I think this is a fair concern to have. It's not unreasonable to anticipate that at least one of the current set of five starters may need to miss some time throughout the course of the season. Baseball is tricky like that and random things tend to happen... often. Sure, the gut-reaction is to scoff off the concern of the abilities of a sixth starter when things look bright. But what happens if Estrada's back tightens up again? Or there's a forearm issue with Happ? Or Sanchez is dealing with shoulder soreness and/or has to deal with an innings limit thing again? (Side note - I DON'T WISH FOR ANY OF THIS TO HAPPEN! Ok, continuing...) It's not like any of these situations are impossibilities. Thus, having a sixth starter fill in for a team that has the potential of winning the Division (there, I said it) isn't something that should be overlooked.

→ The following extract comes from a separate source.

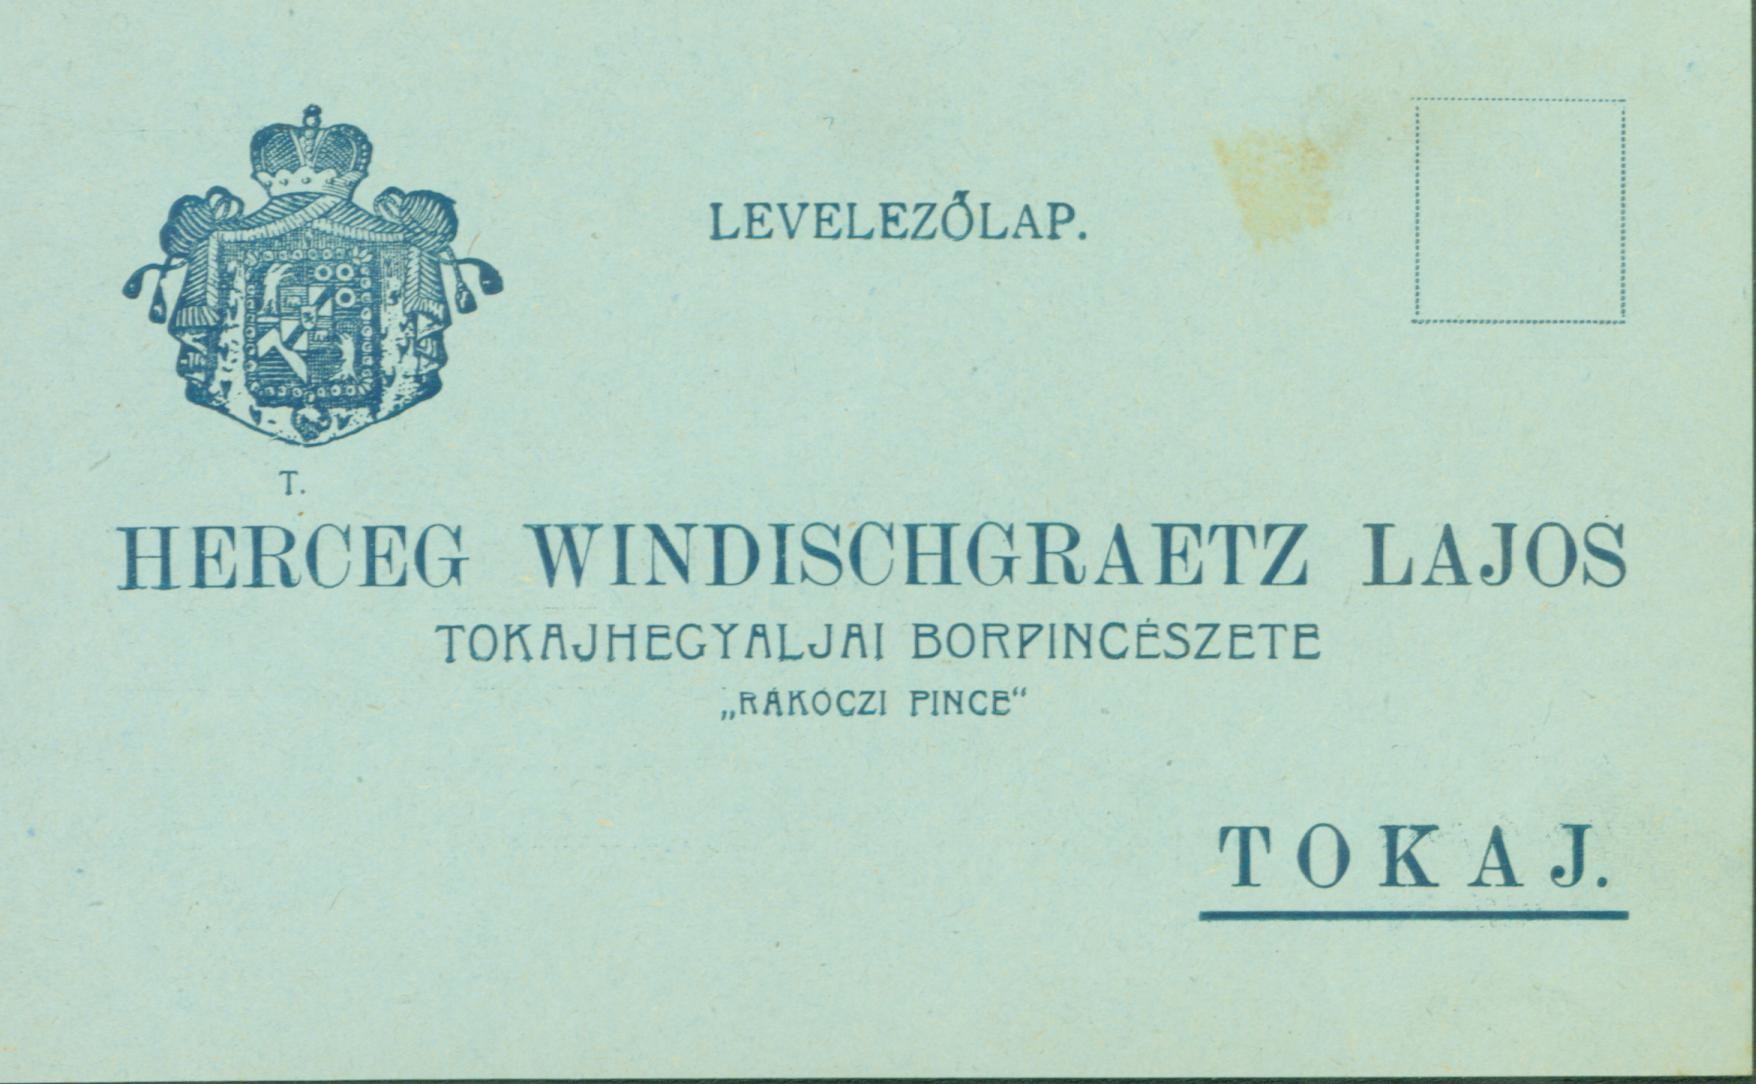 Levelezőlap, tokaji Rákóczi Pince (Ferenczy Múzeumi Centrum CC BY-NC-SA)

Reading between the lines a little bit, maybe what Shapiro is saying - without actually saying it - is he's actively looking for a pitcher that he would feel more comfortable with as a sixth starter. When looking at who's available in free agency, the barrel looks pretty dry, as Edwin Jackson, Tim Lincecum, and Henderson Alvarez (arguably) being the best available, amongst others. I'm not sure of the asking price of any of the available pitchers, but maybe the strategy is to wait until the season starts and make low-ball offers? I don't know. It's not my department and negotiating isn't my strong suit. Moreover, if you ignore the names of the available free agents, do they make you feel any better than Latos does? Sure, Latos' outings this spring haven't been as encouraging as you'd like them to be, - 6.94 ERA in 11.2 innings, giving up 8 hits, 4 of which were home runs, and issuing 7 walks - but if the Jays give him more time as a starter in Buffalo, maybe he could put together a string of starts that are "good enough".... maybe?
Yeah, I'm not confident either.
What I am confident in is the notion that the roster isn't a set-in-stone thing, when it comes to depth. The baseball season is a long one, and acquiring depth via trade and/or free agency is certainly not out of the question. But you have to consider that since Shapiro vocalized it, it's got to be something that's on the top of his To-Do List in terms of improving the team.
That, and ya know, improving left-field. But that horse has long been dead.